Data labeling
The global machine learning market is growing at a rate of approximately 50% per year. In 2018, its volume amounted to $1.8 billion, and for 2023 it is estimated at almost 20 billion Deep Learning Market worth 18.16 Billion USD by 2023 with a growing CAGR of 41.7%. This includes not only obvious components - hardware and software, service, but also a qualitatively new type of production, called data labeling or data markup . More information about the appearance of this term and the use of such operations - in the material prepared specifically for TAdviser by journalist Leonid Chernyak.

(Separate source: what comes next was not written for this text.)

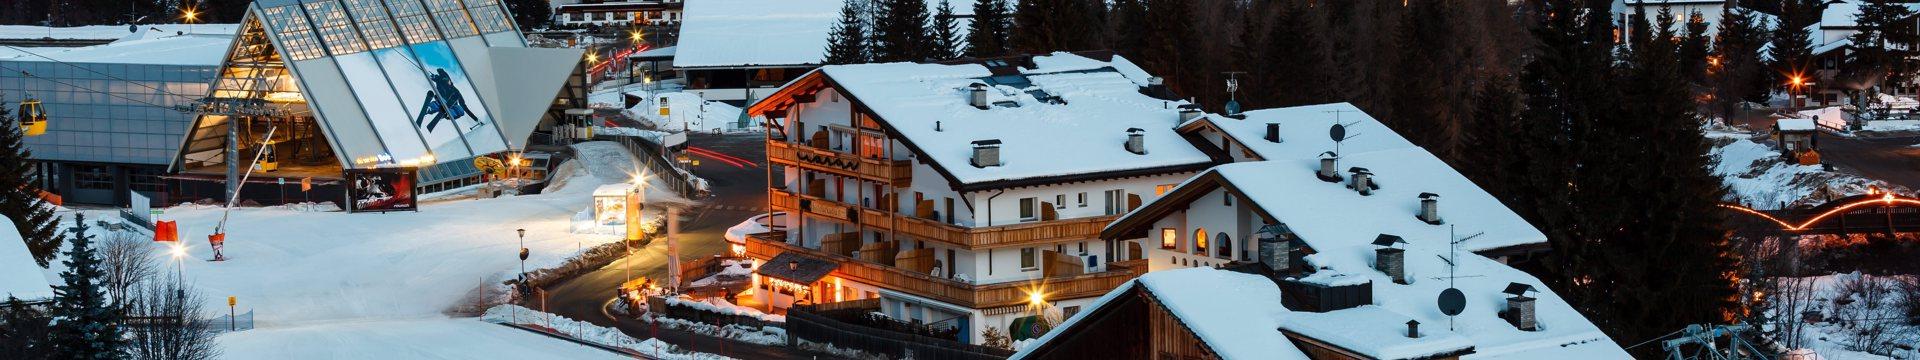 Skigebied Alta Badia

Listen to a 6-minute story about data markup on our podcast:
Content |
The appearance of data labeling is associated with the need to supply large amounts of specially prepared data to the input of training systems. Speaking about this, they are most often limited to a simple statement of the fact that Big Data serves as the basis of machine learning. At the same time, the data labeling segment, according to Cognica Research, will reach $1.2 billion in 2023[1]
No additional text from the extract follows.